Defense vs. Offense

CS 493/693 Lecture, Dr. Lawlor, 2006/02/06

It's useful to consider how society has solved the same security problems we now face with computers.

For example, a normal passenger car has laughably poor security--the vehicle can be trivially hijacked during operation using almost any weapon, the windows can be broken, the locks can be picked, the ignition can be hotwired, the tires can be deflated (denial of service) or the entire vehicle itself ignited (serious denial of service).

A "secure" car would be more like a tank--virtually impossible to steal, no windows, thick hardened steel armor. But even a tank can be disabled with a simple shaped charge (like a rocket propelled grenade) or sufficient explosive power. A modern innovation in tank armor is Reactive Armor. The most common type consists of a high explosive that explodes when shot, breaking up the incoming projectile.

The standard security model for an automobile also includes a reactive component--the cops! Car theft is treated as a serious crime, and society expends considerable resources detecting, investigating, and responding to car theft. Imagine how many more car thefts there would be, if car theft were treated the same way as computer security incidents! That is, imagine the response to a car theft was just to buy a new car and blame the victim--"You should have kept your system patched. And where was your firewall?"

In general, security problems can be addressed in one of two ways:

Defense: Harden the target. Keep your system patched. Disable unused network services. Use a good firewall. Defensive techniques normally impose fairly heavy costs on legitimate users (e.g., more annoyance at each login, fewer ways to get legitimate work done). But because of the "weakest link in the chain" problem, defensive techniques don't always impose equal costs on attackers. The problem is that time spent securing services that don't get attacked is wasted effort.
Offense: Stop the attacker. Log IP addresses and packet traces for use in court. In case of an unambiguous attack, involve law enforcement early. The (local, state, or federal) police and the courts can impose very heavy costs on attackers, while leaving legitimate users untouched. Note that "stop the attacker" does not mean vigilante justice! You can block an attacker's traffic to your subnet, perform simple connection tests to his IP (e.g., ping, traceroute), and initiate legal action against him, but even something as simple as a portscan of the attacking IP address is legally perilous.

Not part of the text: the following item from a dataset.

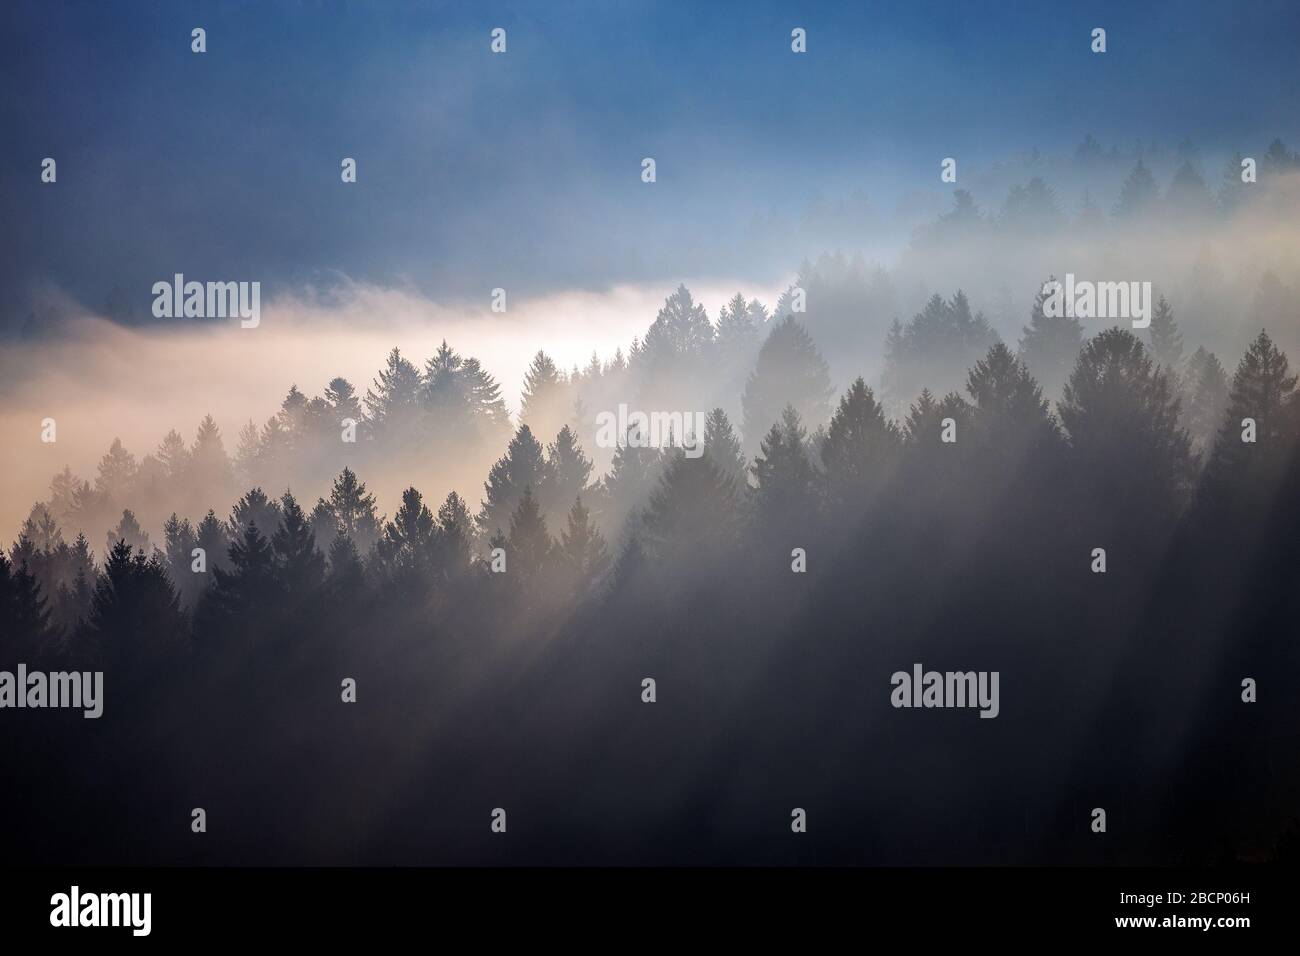 The Cansiglio coniferous forest. Sunlight at sunrise, beams of light on  trees through the fog. Evocative mountain landscape. Prealpi Venete, Italy. Stock Photo
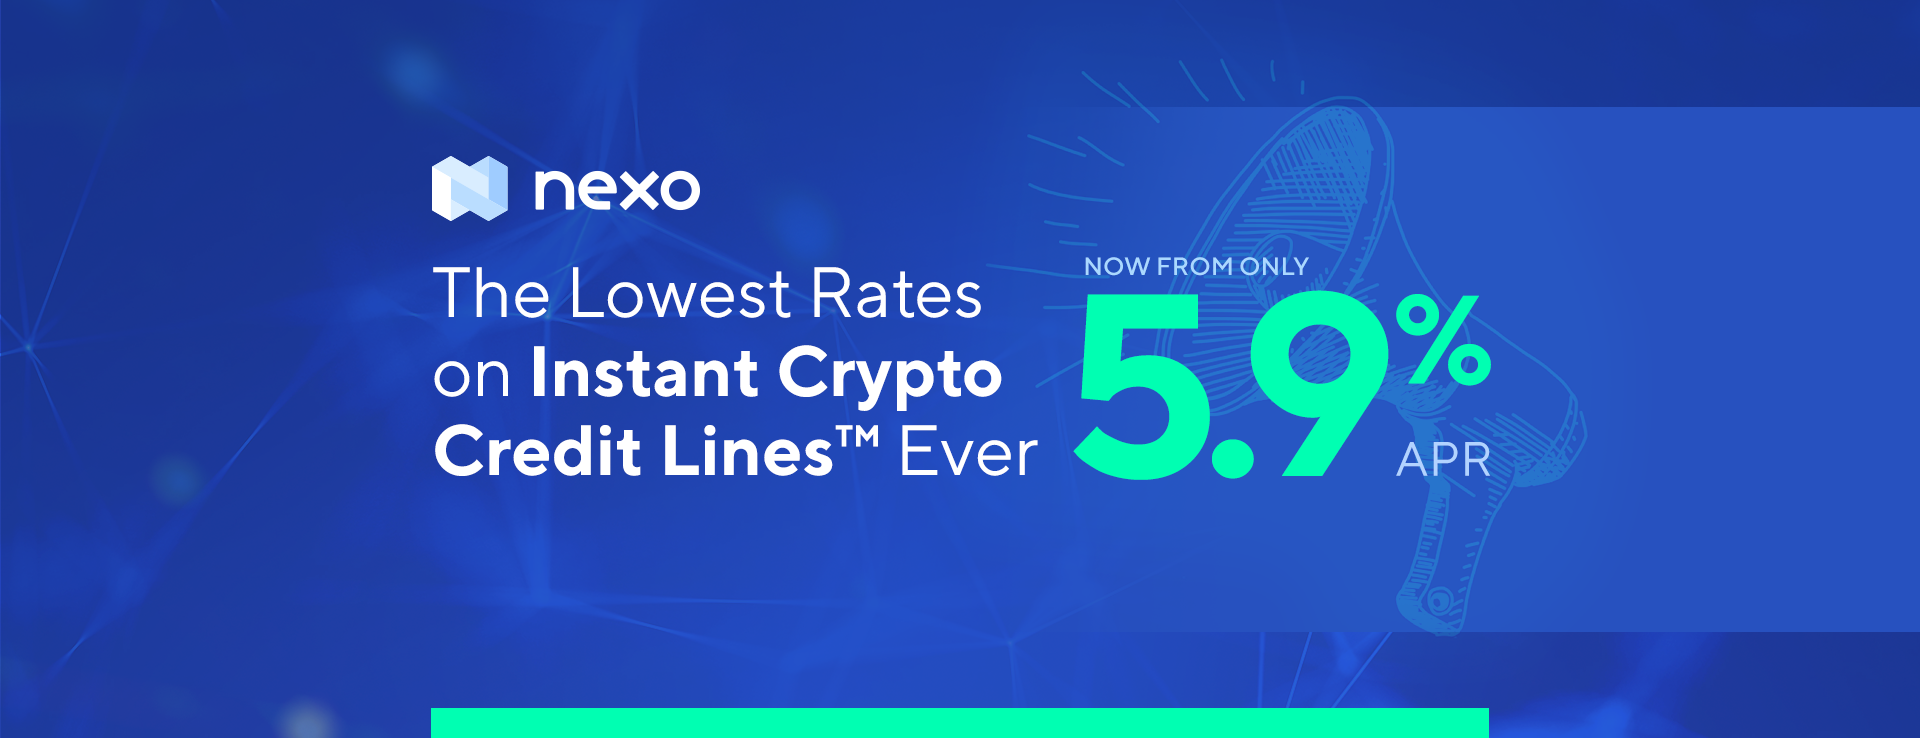 Nexo Cuts Borrowing Rates to 5.9% APR After Securing Cost-Efficient Institutional Financing

Both security aspects are important and useful, and neither should be forgotten. We'll talk about defense, but in my opinion offensive capability against network attackers today is sorely lacking--law enforcement is very rarely involved, and prosecutions make the national news because they are so rare. The single factor that most complicates law enforcement's reach on the internet is jurisdiction--conventional law enforcement is restricted to a single geographically defined area. This means attackers not from your home town are very difficult to successfully prosecute.